Rule based NLP (1950s — 1990s)

The earliest methodologies used to achieve natural language processing by computers was based on a pre-defined set of rules, also called Symbolic NLP. A collection of hand-coded rules was fed into the computer, and it yielded results based on that.


The early research in NLP was focused primarily on machine translation. Rule-based machine translation (RBMT) required a thorough linguistic description of the source and the target languages.

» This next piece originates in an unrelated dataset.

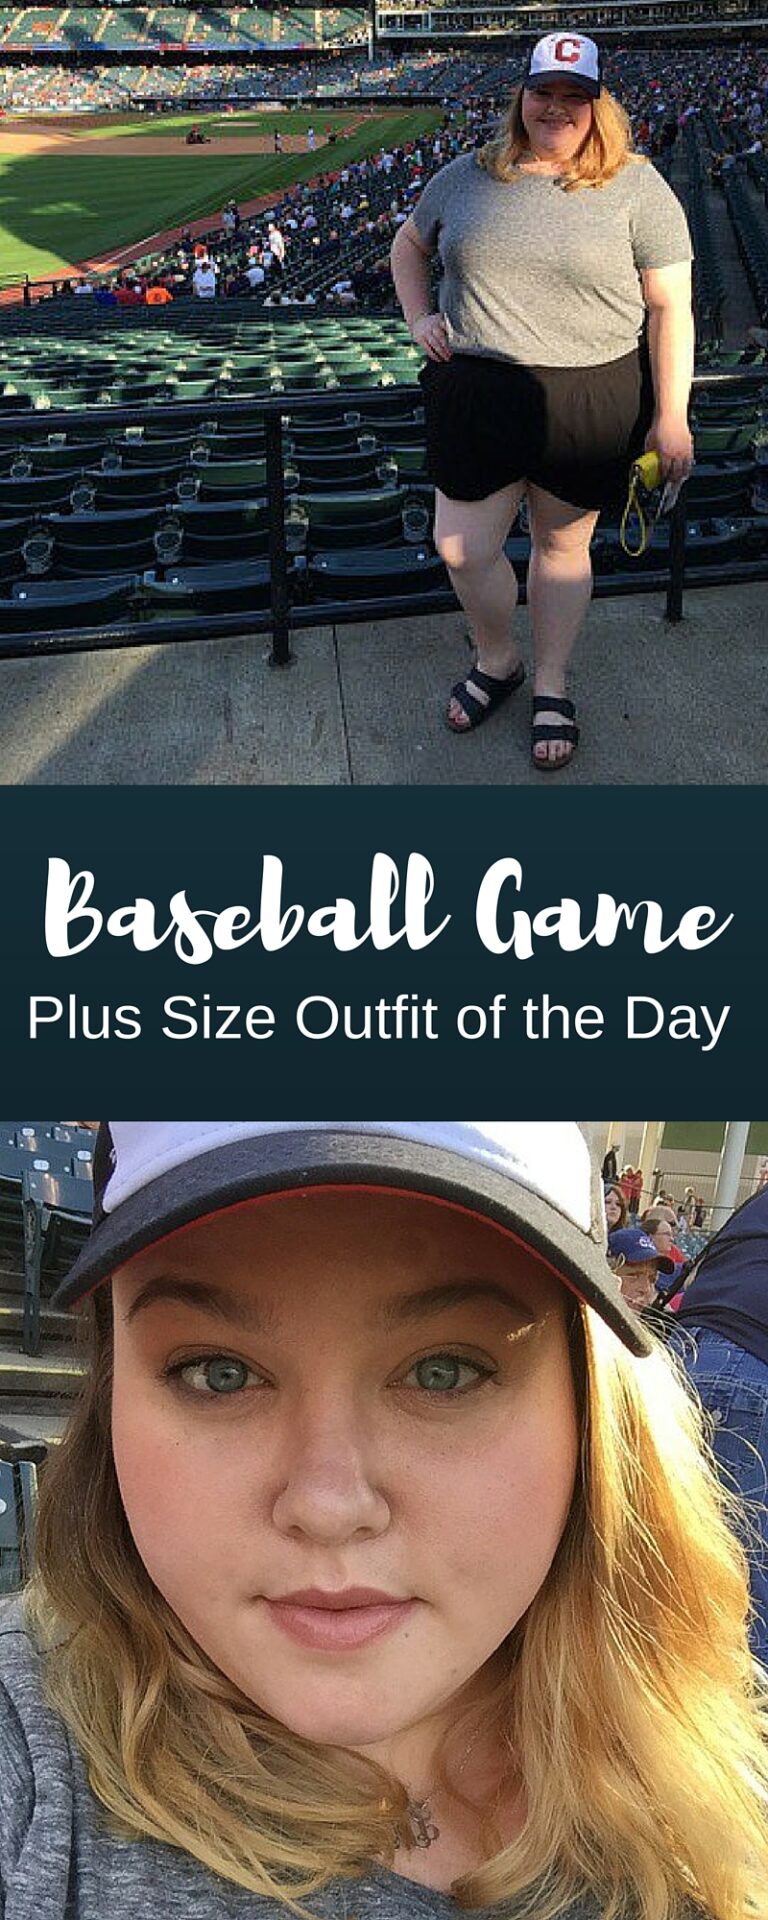 plus size outfits for a baseball game｜TikTok Search

The basic approach involved two steps: 1) finding a structural equivalent of the source sentence and the output using a parser and an analyzer for the source language and a generator for the target language, and 2) using a bilingual dictionary for a word-to-word translation to finally produce the output sentence.



Architecture of a Rule-based machine translation (Image credit: Budditha Hettige)

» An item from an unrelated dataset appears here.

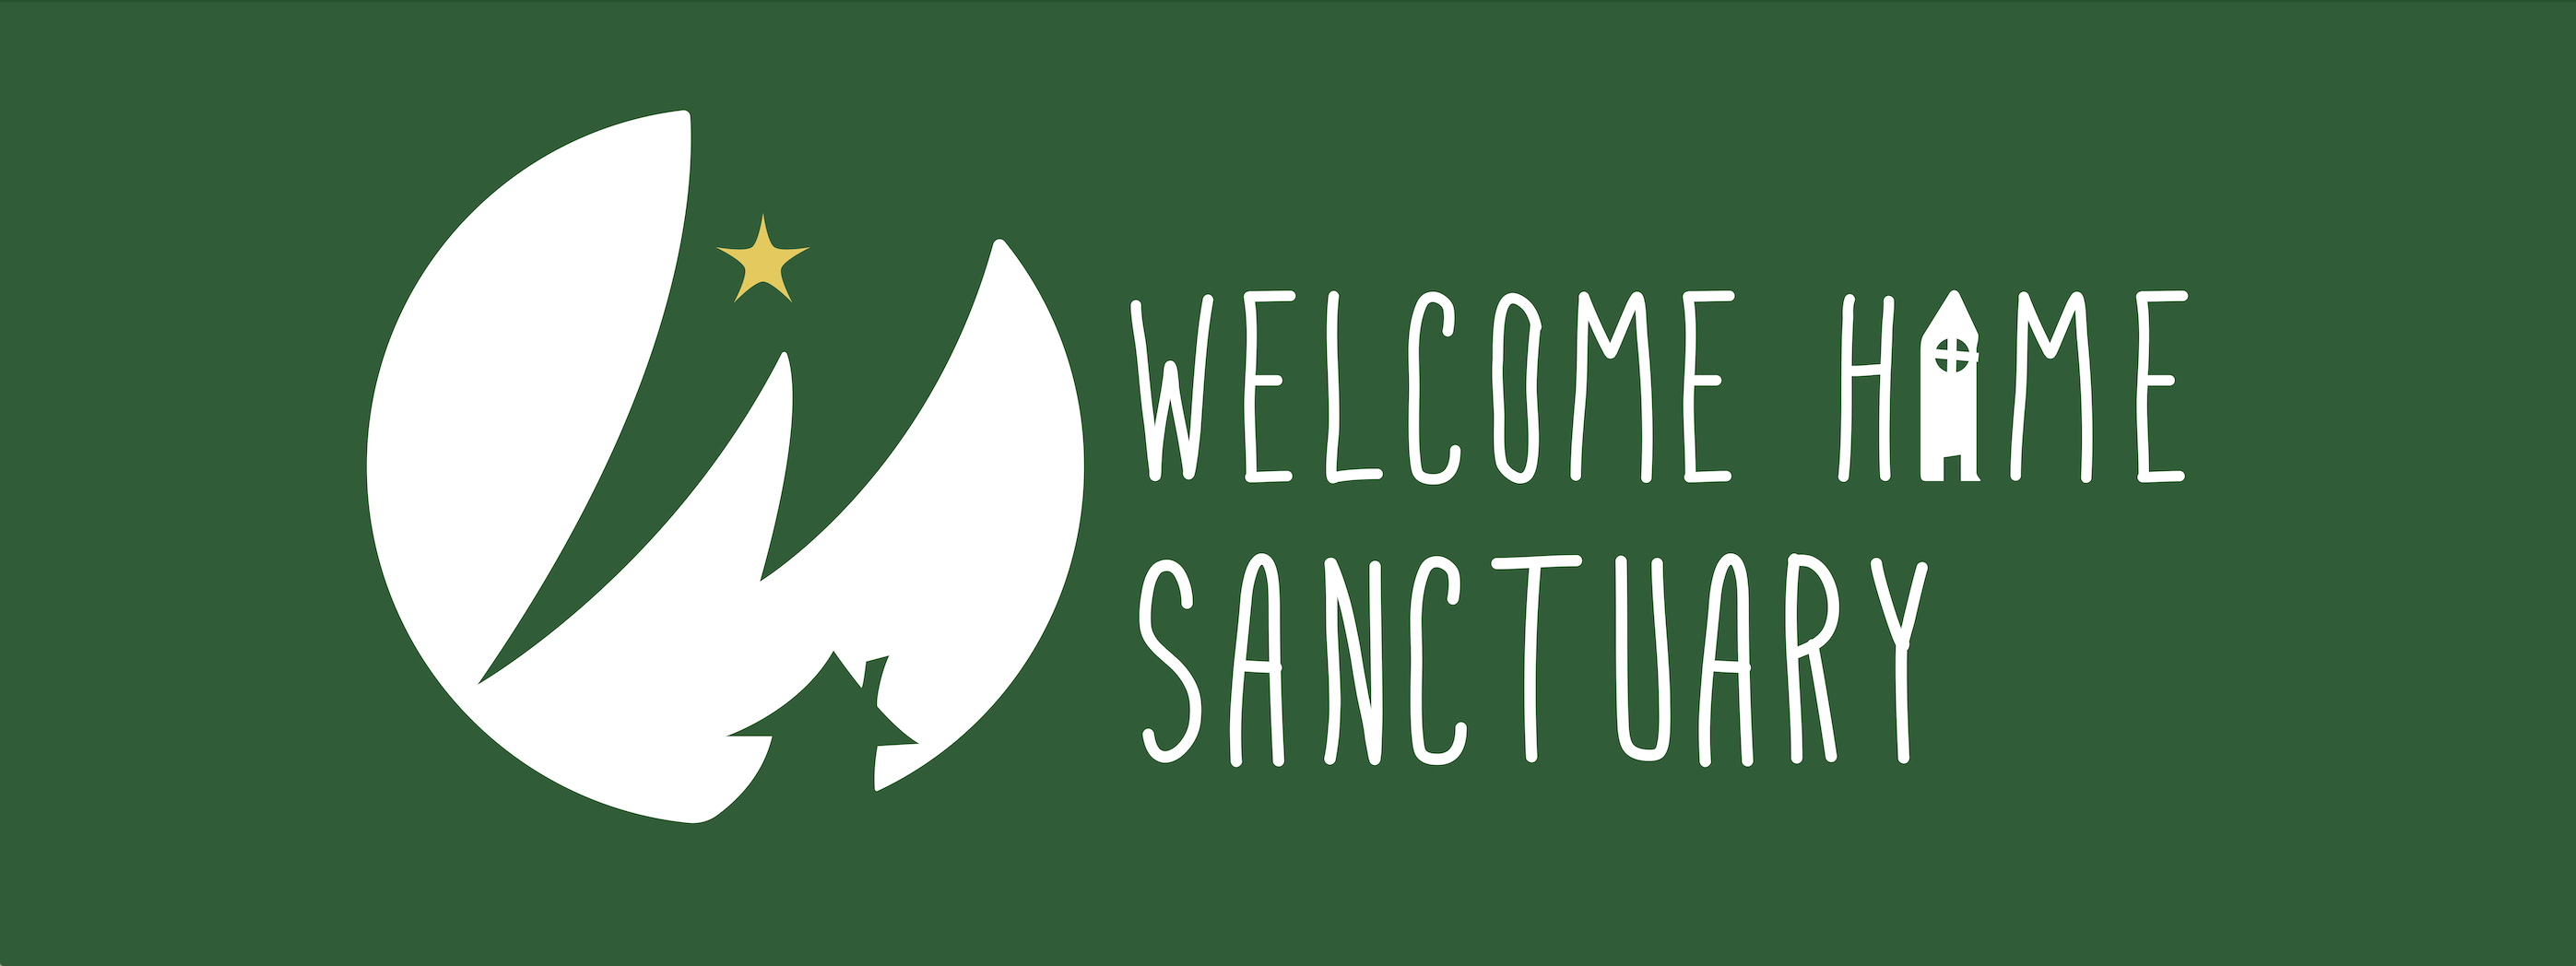 Welcome Home Sanctuary

Given that a human language is pervasive and ambiguous, infinitely many such rules are possible. Obviously, hand-coding such a large number of rules is not possible. Thus, these systems were very narrow and could only produce results in some given scenarios. For example, the much-celebrated Georgetown experiment could only translate some 60 plus sentences from Russian to English.

Statistical NLP (1990s — 2010s)

With the advent of more powerful computers with higher processing speed, it was now possible to process a large amount of data. Statistical NLP took advantage of this, and new algorithms based on machine learning came into being. These algorithms are based on statistical models which make a soft, probabilistic decision to yield output(s). Instead of hard-coding rules as in Rule-based NLP, these systems automatically learn such rules by analyzing large amounts of data fed through real-world parallel corpora. In the case of Statistical NLP, the system does not generate one final output. Instead, it outputs several possible answers with relative probability. The drawback, however, was that its algorithms were challenging to build. It required a complex pipeline of separate sub-tasks like tokenization, parts-of-speech tagging, word sense disambiguation, and many more to finally produce the output.


A basic Statistical machine translation pipeline (Image credit: Karan Singla)

Neural NLP (2010s — present)

As deep learning became popular during the 2010s, the same was applied to the NLP. Deep neural network-style machine learning methods became widespread in NLP too. This approach, too, uses statistical models to predict the likelihood of an output. However, unlike Statistical NLP, it incorporates the entire sentence in a single integrated model wiping out the need to build that complex pipeline of intermediate subtasks as in statistical models. In this approach, the system uses an artificial neural network. The artificial neural network system, in theory, tries to mimic the neural network of the human brain.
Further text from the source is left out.